--- WHAT YOU WILL DO ---
All pictures are to be dropped, and everything else in the data duplicated exactly.

*** Opening DATA SECTION ***

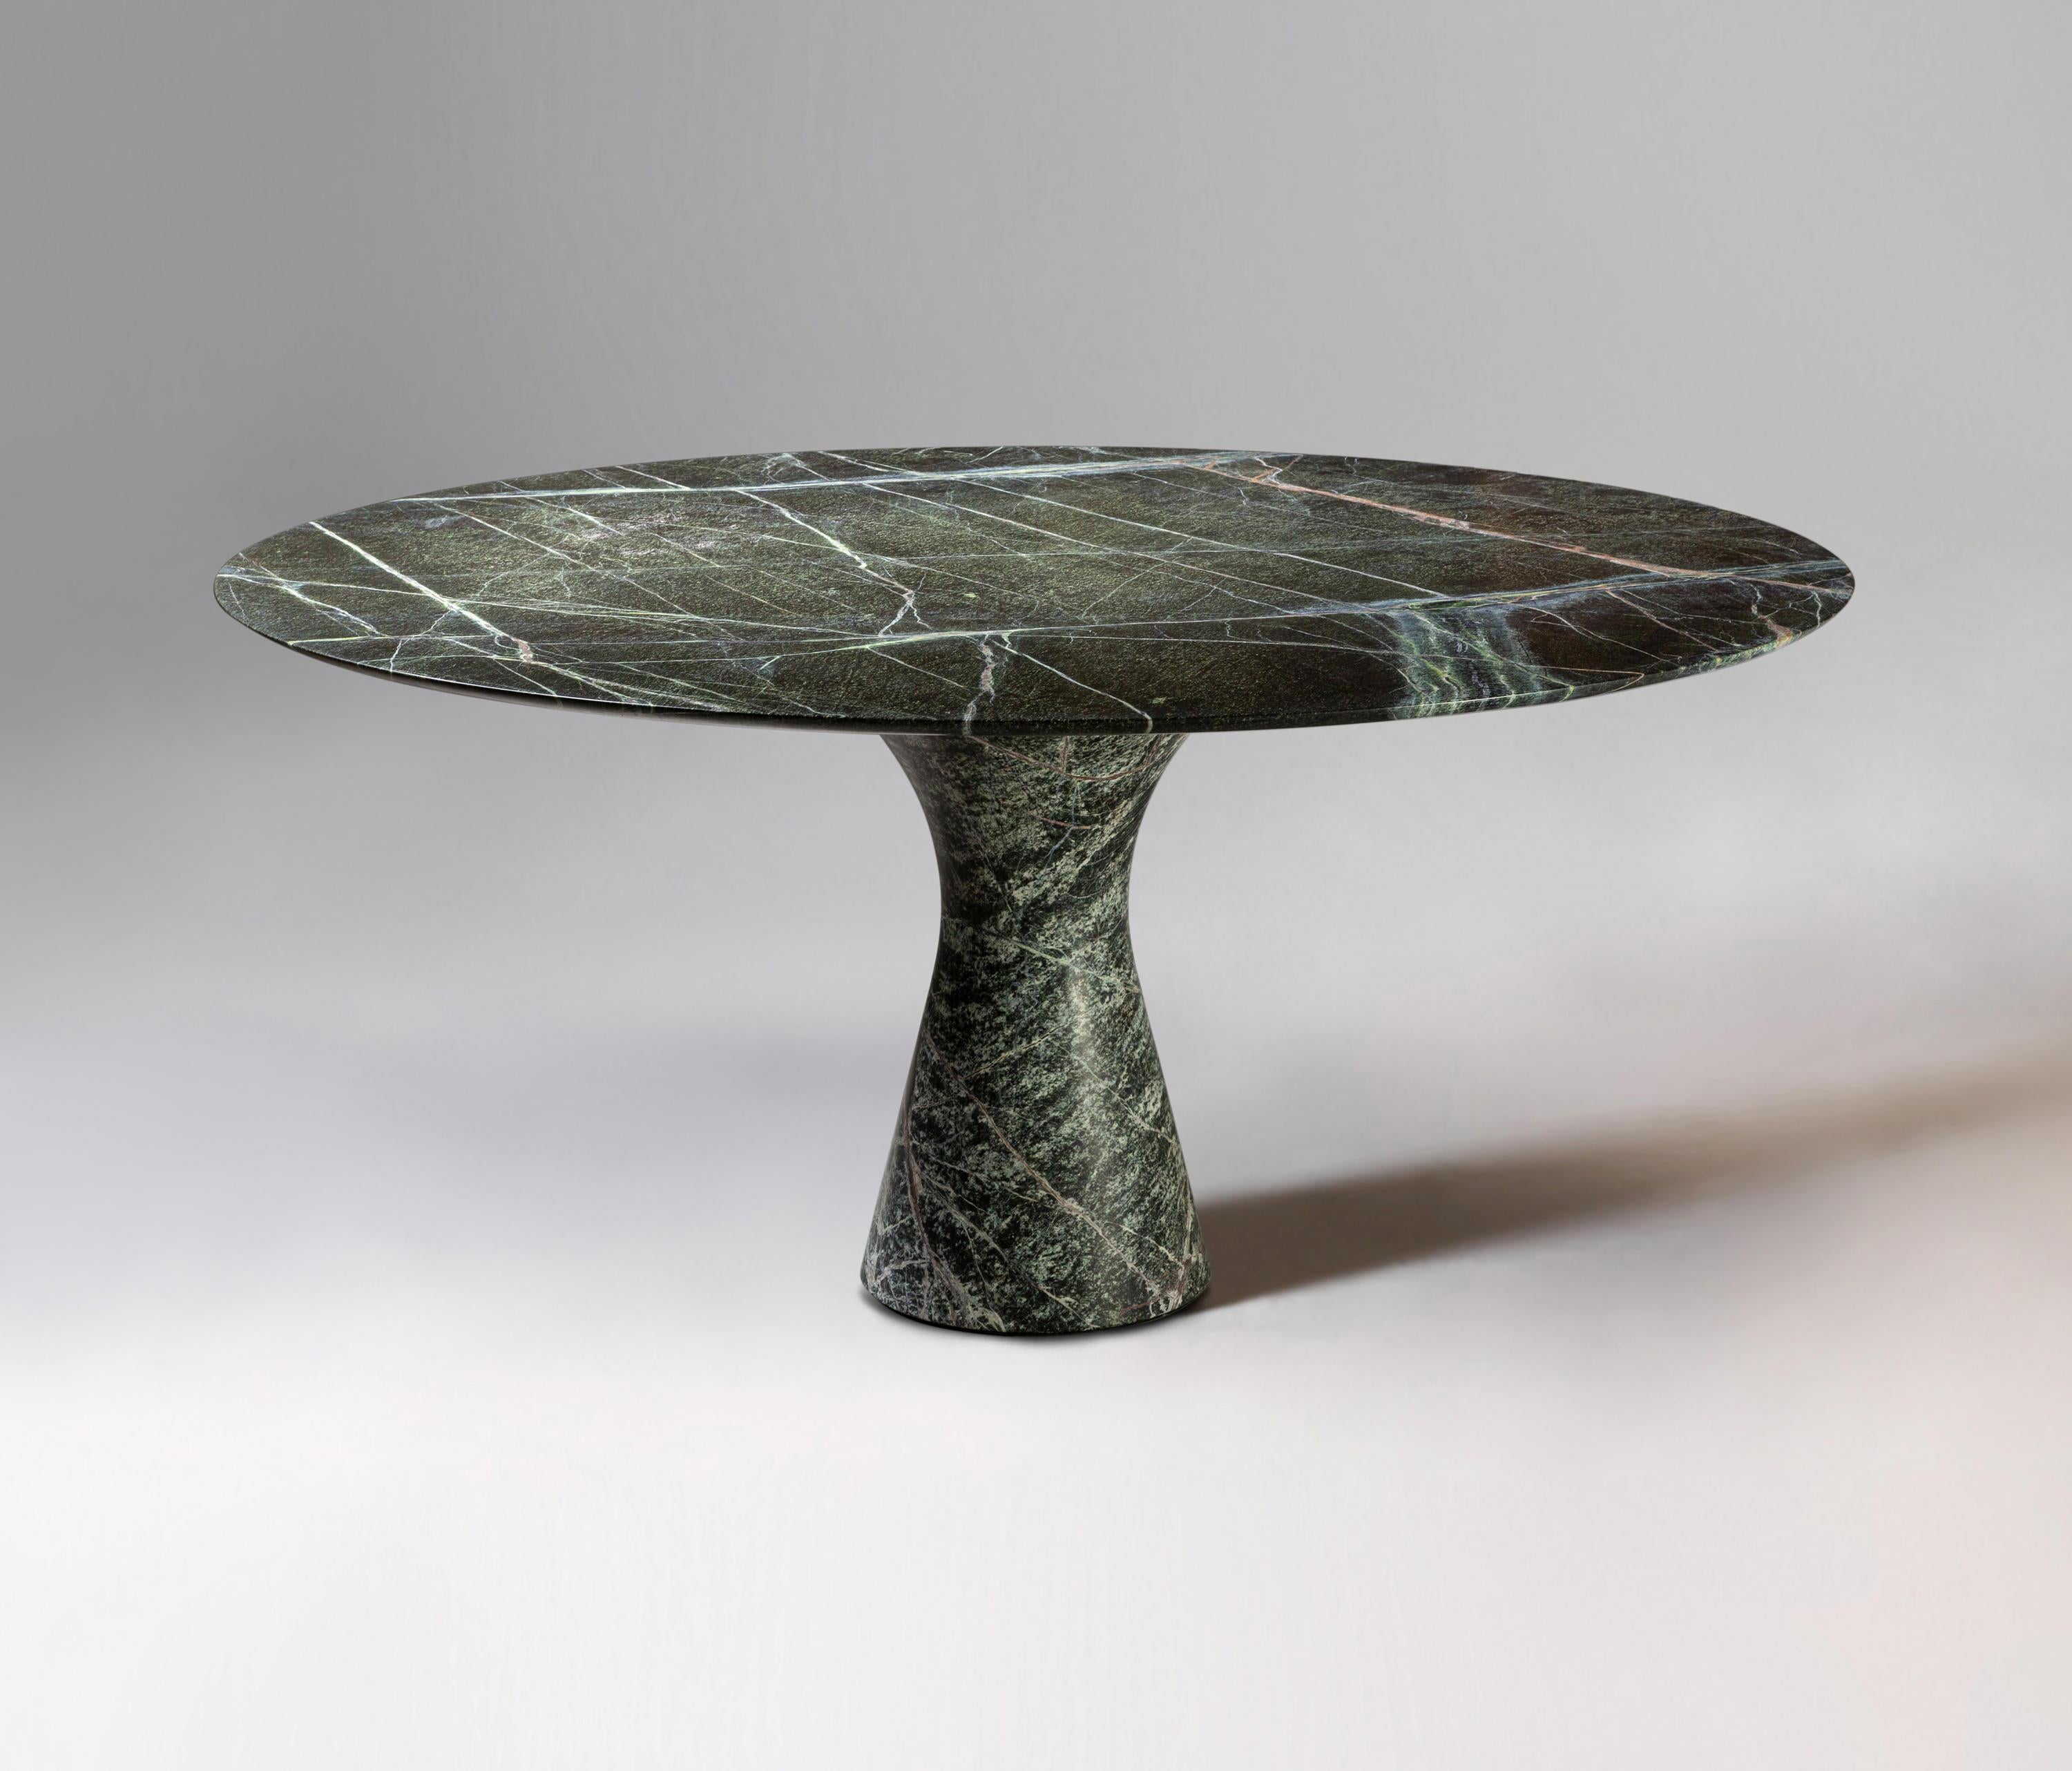 Italian Port Saint Laurent Refined Contemporary Marble Dining Table 130/75 For Sale
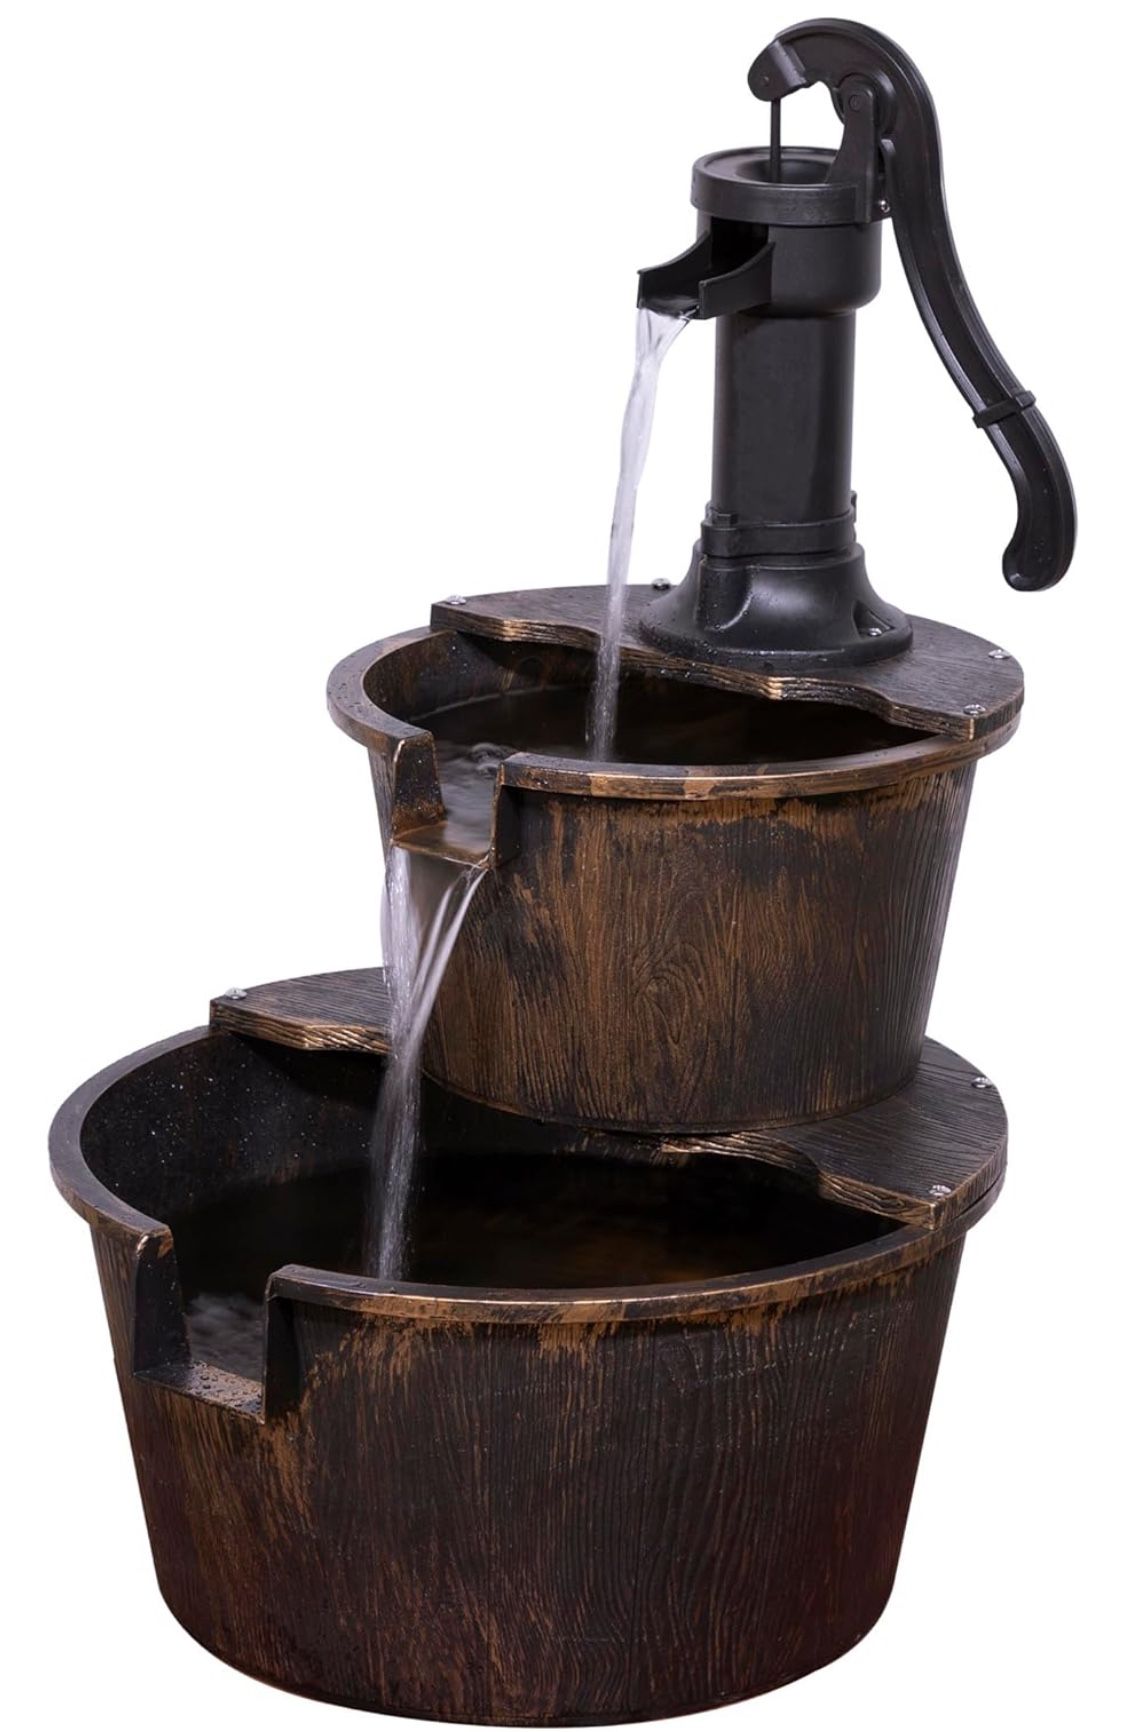 2-Tiered Barrel and Pump Water Fountain, Old-Fashioned Fountain, 27", Bronze, Outdoor Floor Rustic
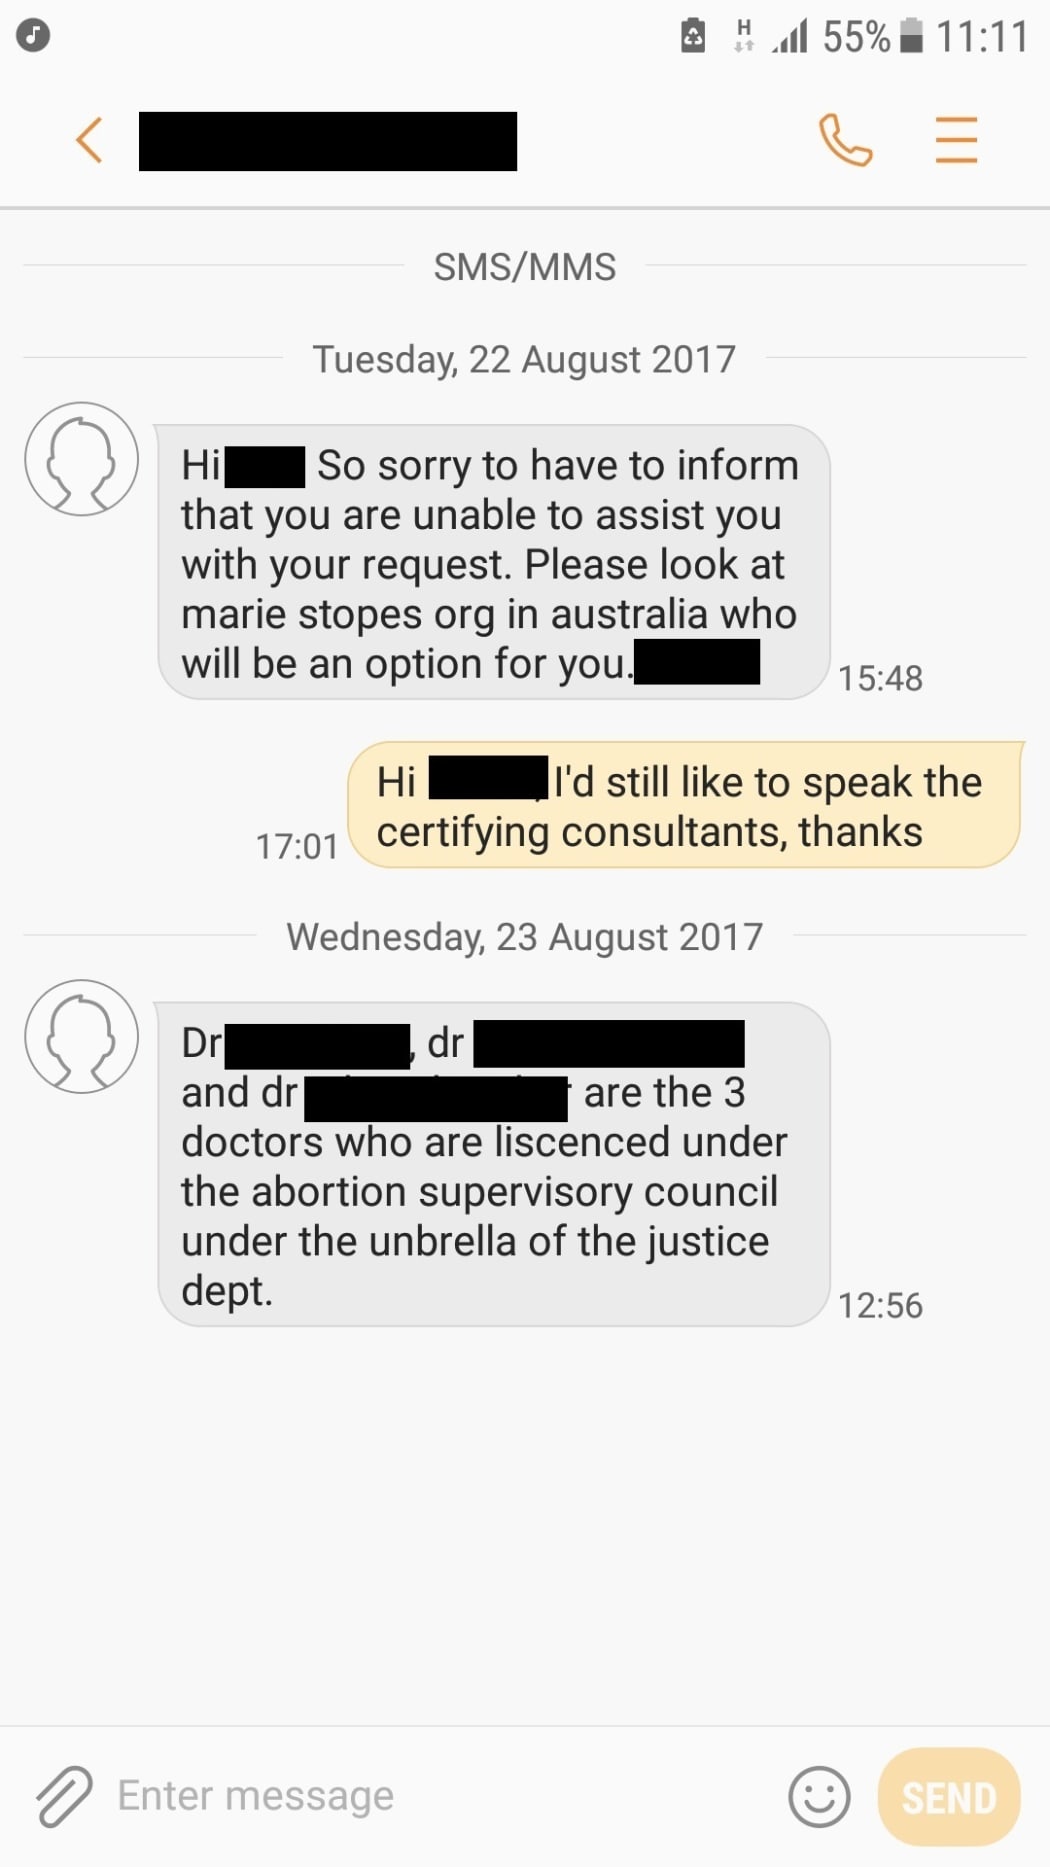 The text messages Kate received from a Waitematā DHB social worker.
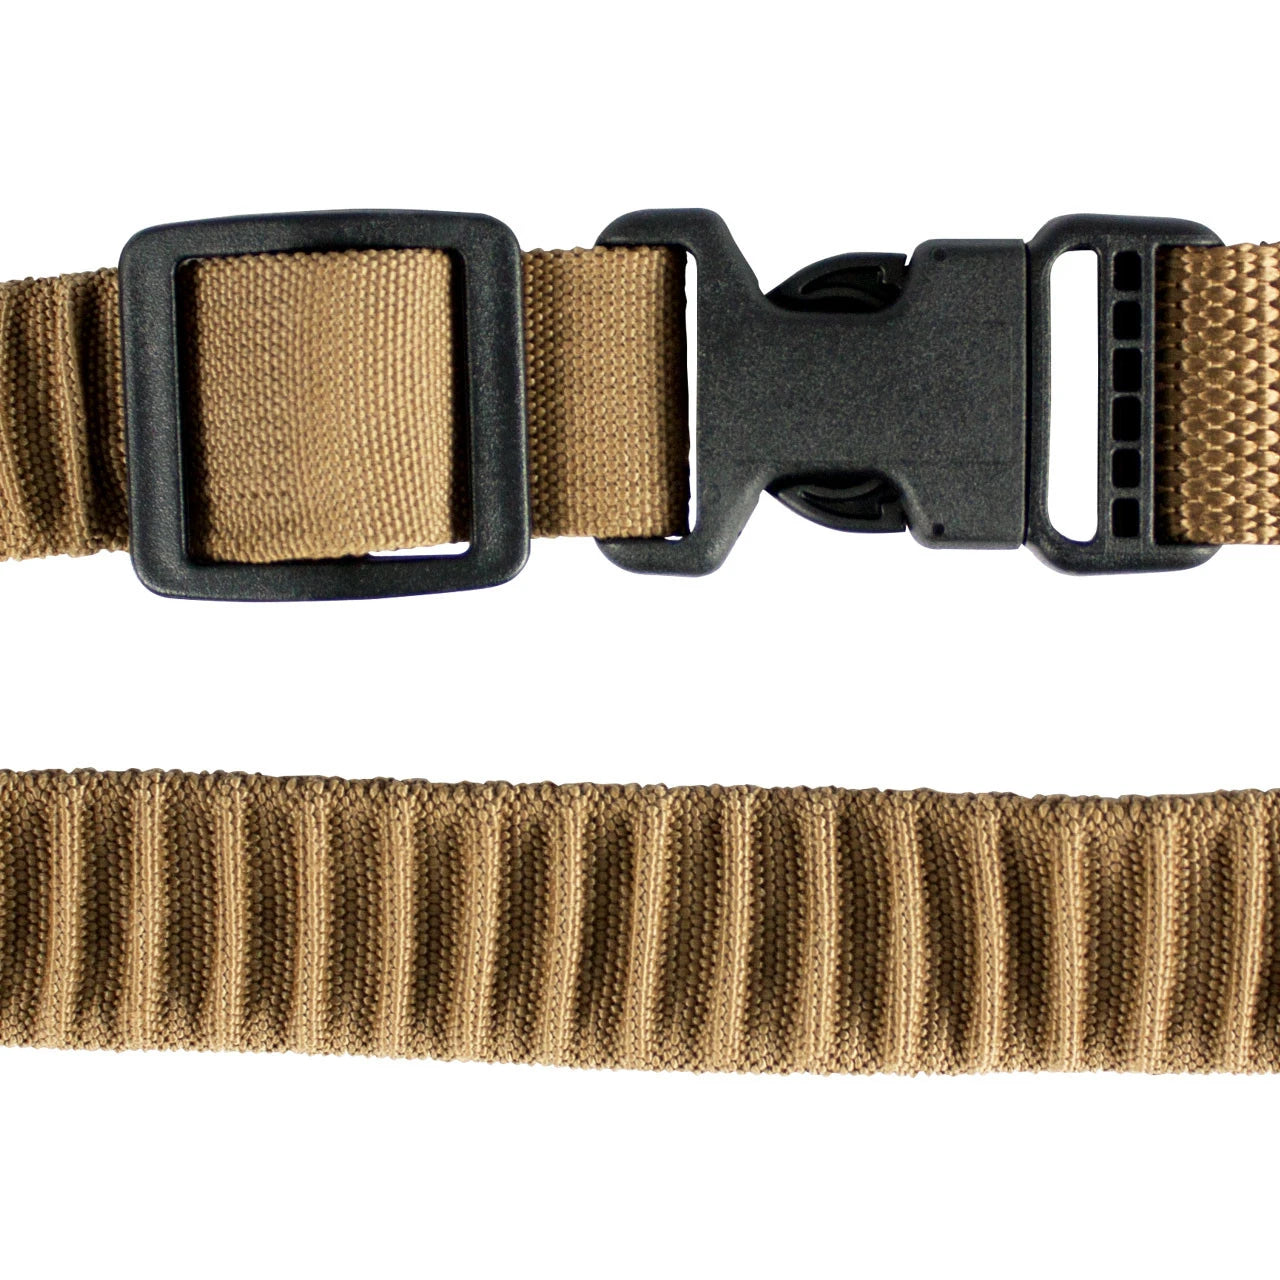 US Tactical  MOLLE Shock Webbing Sling with QD Swivel – Army Navy Marine  Store

*** Closing DATA SECTION ***

--- RESULT FOR THIS TASK ---
 Italian Port Saint Laurent Refined Contemporary Marble Dining Table 130/75 For Sale
 2-Tiered Barrel and Pump Water Fountain, Old-Fashioned Fountain, 27", Bronze, Outdoor Floor Rustic
 The text messages Kate received from a Waitematā DHB social worker.
 US Tactical  MOLLE Shock Webbing Sling with QD Swivel – Army Navy Marine  Store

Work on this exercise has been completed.